DR. RADTKE: When checking visual acuity, we use the Snellen chart, but for our patients, we use multifocal ERG testing. We do not feel that the patients would be able to use the Snellen chart accurately and multifocal ERG will assess the electrical activity in very small areas of the retina and we can compare the area of the transplanted retina to areas of the surrounding area which are not transplanted and compare the electrical activity. I agree that standardized visual function tests are important so research results can be compared accurately from one kind of study to another.

DR. WENDY: How many lines of visual improvement on the ETDRS chart would you consider to be clinically significant?

DR. RADTKE: At this time, if our patients would see one line of visual improvement on the ETDRS chart we would consider that to be clinically significant.

DR. WENDY: Over the six months of your research, have the transplants remained stable?

DR. RADTKE: The transplants have remained stable in that there has been no rejection, and we have had two transplants increase in size, relative to the amount of pigment that is present, and the other three have shown depigmentation. Depigmentation does not mean that the RPE cells are dying. It means they could be reproducing without pigmentation as is often seen in RPE cultures in the lab.

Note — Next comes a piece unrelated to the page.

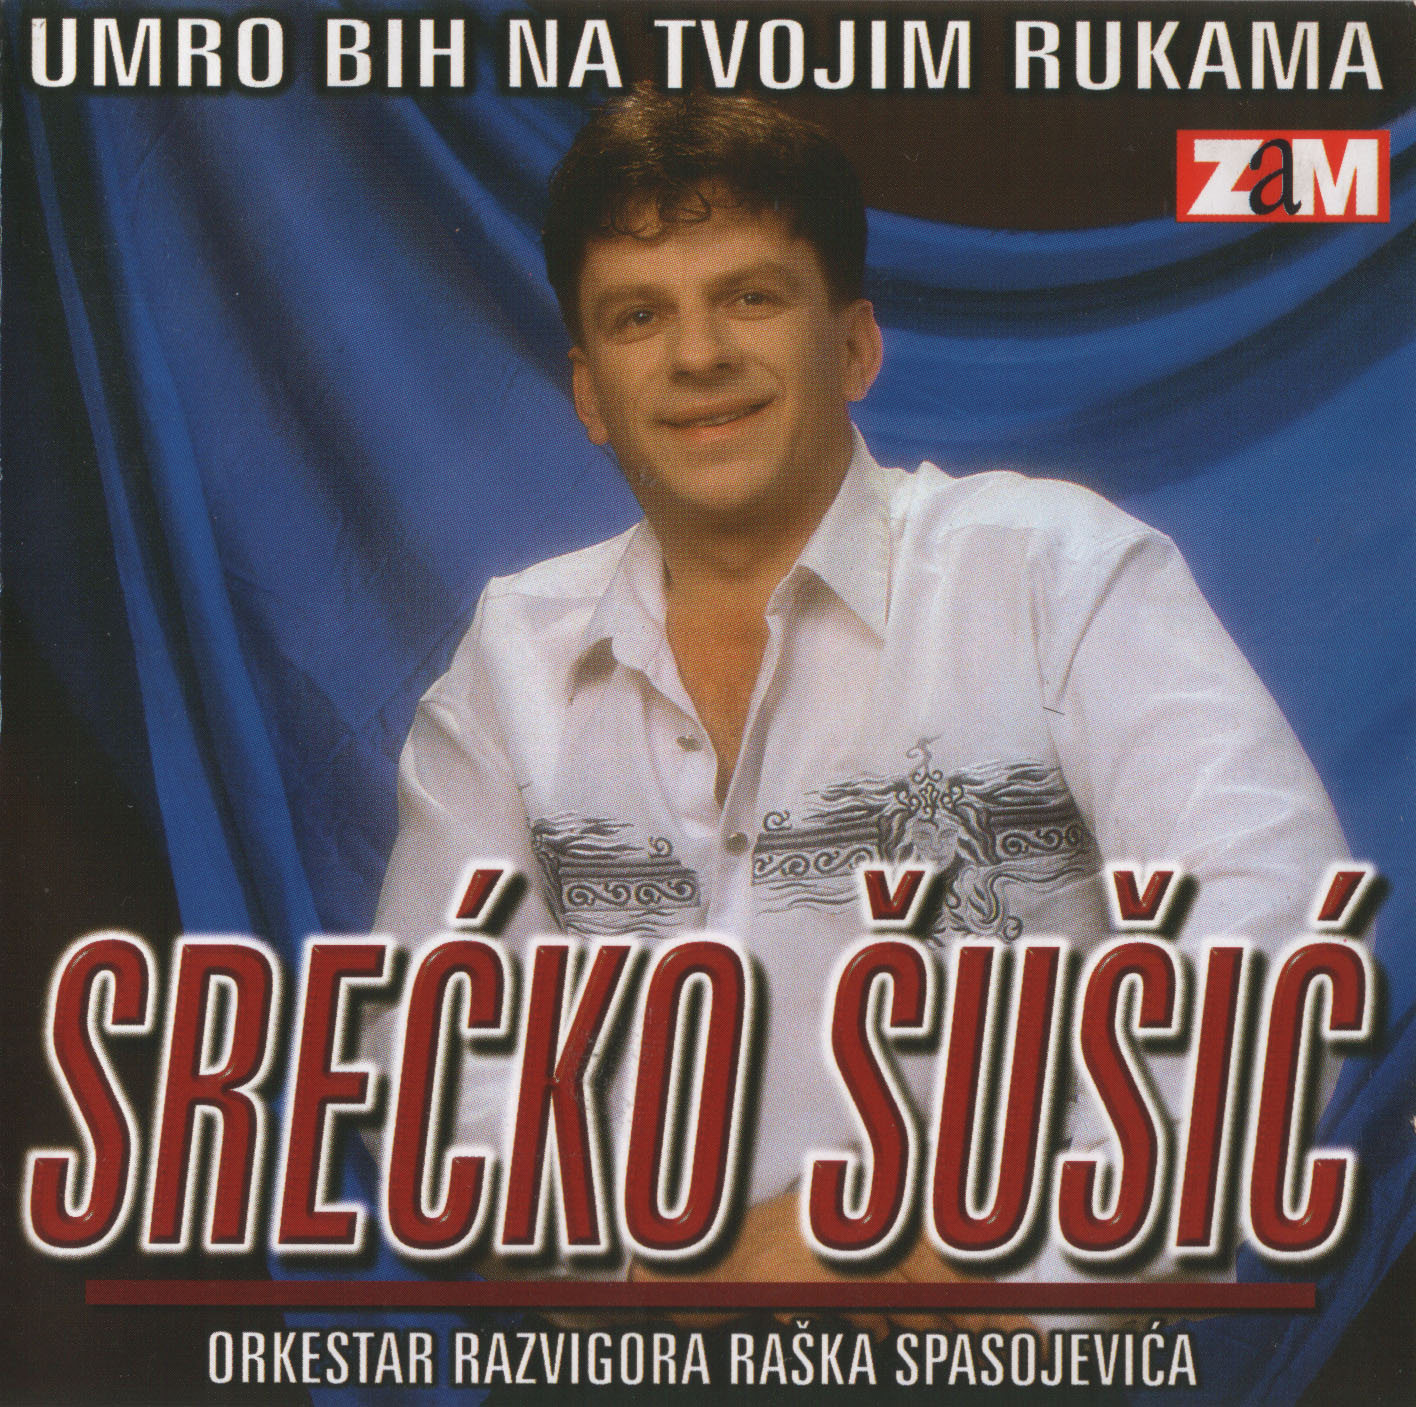 Srecko Susic 1999 Prednja 1

DR. WENDY: Is a length of time less than six months significant clinically, for example one month, two months?

DR. RADTKE: At the present time, we expect that the maturation of the rods and cones so that they could hook up with the functioning ganglion cells would take approximately four months in humans. It is very important for us to do testing on a month to month basis over the first six months, so that we could see any changes occurring as we do not know for sure that it is going to happen on this time frame. The problem that we have in our present study is that many of the patients live a long distance away, so we feel that our follow-up of one week, six weeks, one month, three months, six months, and one year, we will be able to identify clinically significant times, but this may change as our research progresses.

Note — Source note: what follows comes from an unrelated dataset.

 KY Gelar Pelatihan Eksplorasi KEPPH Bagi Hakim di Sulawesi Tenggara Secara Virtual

DR. WENDY: Have the ERG's stayed stable, have they improved, or do the awave and b-wave's amplitude and timing, and oscillatory potential amplitudes vary or are they reduced?

DR. RADTKE: At the present time, the multifocal ERG's have remained stable in our present cografting of the intact sheets of fetal retina and RPE cells in patients with retinitis pigmentosa. We are now moving forward into other stages, such as vision of 20/800 and patients who have central areolar pigment epithelial atrophy and patients who have had wet macular degeneration with removal of the net but with RPE also missing. In all of these patients, we are awaiting what our multifocal ERG's will reveal with regard to all the specifics you just mentioned.

DR. WENDY: Over the course of the study, have you seen a decrease in peripheral neovascularization, if it was present prior to the transplantation?

DR. RADTKE: At the present time, we have not noted any change in the peripheral neovascularization, as in our patients it was not present prior to transplantation.

DR. WENDY: If peripheral retinal neovascularization is present, are all ERG waves reduced in amplitude as they would be without the transplant?

DR. RADTKE: All of the patients that we are seeing at this time do not have any peripheral retinal neovascularization.

DR. WENDY: How long do you feel it will be before you will be treating the average macular degeneration patient?

DR. RADTKE: At the present time, we are taking the first steps in a long climb up a very very high mountain, and there is no way to predict how long it would be before we would be treating the average macular degeneration patient. This will, no doubt, require parallel work in the laboratory and the clinic and would include such things as stem cell and growth factor augmentation of the retinal transplantation. These things are being evaluated in parallel with our clinical studies, and as we get information in the research lab, we will try to be applying this to the clinical setting. This, again, is a long, long journey, and we are just beginning it.